Hello everyone,
I'm working on brassica napus and have sent my sample to company for RNA-seq analysis. Unfortunately, when I got my final results back, there was only a little annotation on differentially expressed genes, where most of them were simply labelled as "Bnaxxxx Protein" which would be insufficient for downstream analysis if I would closely look at genes with specific functions or within some pathways. And I figured the company only compared the genes with UniprotKB database, So I'd like to know what kind of data I need for aligning the data with more databases, such as nr database, in order to get more details on gene annotations.
appreciate any help!
Thank you for your reply.
Also I would like to get some further advice from you. For example, I'm about to blast against nr_prot database here, by which software or in which way I am able to do it in a high through-put fashion, since I realize there are more than 100.000 genes which could not be done by putting them one by one into NCBI blastx. Meanwhile, all data I got from the company consists of only two parts: rawdata(reads) and IGV data, could the latter one be directly used here for getting the annotation or should I start from the very beginning with the raw data?

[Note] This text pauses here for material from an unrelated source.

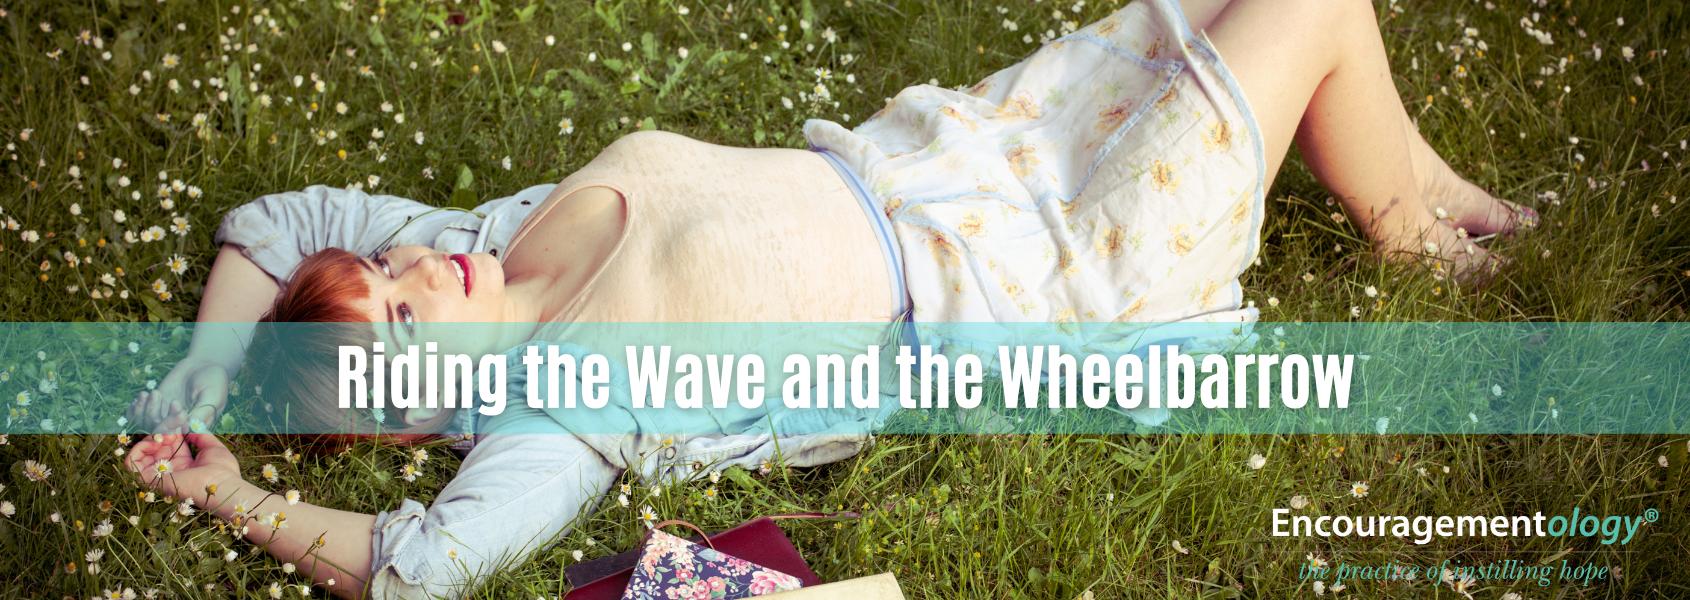 Riding the Wave and the Wheelbarrow

you will need to do this using a local blast install ... get all the brassica protein sequences and blast those against nrprot. The name the company uses in their lists should be the same as the official brassica release (I assume)
did you not get a list of gene IDs with expression values?
yes, I got a list of gene IDs with expression values without detail sequences. Also I checked the so-called 'Standalone Blast', I've downloaded and installed it on my windows lap, still on the way figuring out how it works...
ugh, windows :/
you will also have to download the blast DB, those are very large files, so first check the storage you have available. Also running a blast on your laptop will take some time
no access to an HPC system or such (compute server, ... ) ?
Ya, I've also installed linux in my lap where I originally innocently thought mapping of raw reads could be done which seems impossible right now with okay CPU and limited RAM as well as storage space. Also with you reminding I realized there was a super computer in our lab by which all of these preliminary work could be finished, So I probably go there and try if it works. Thank you so much!!!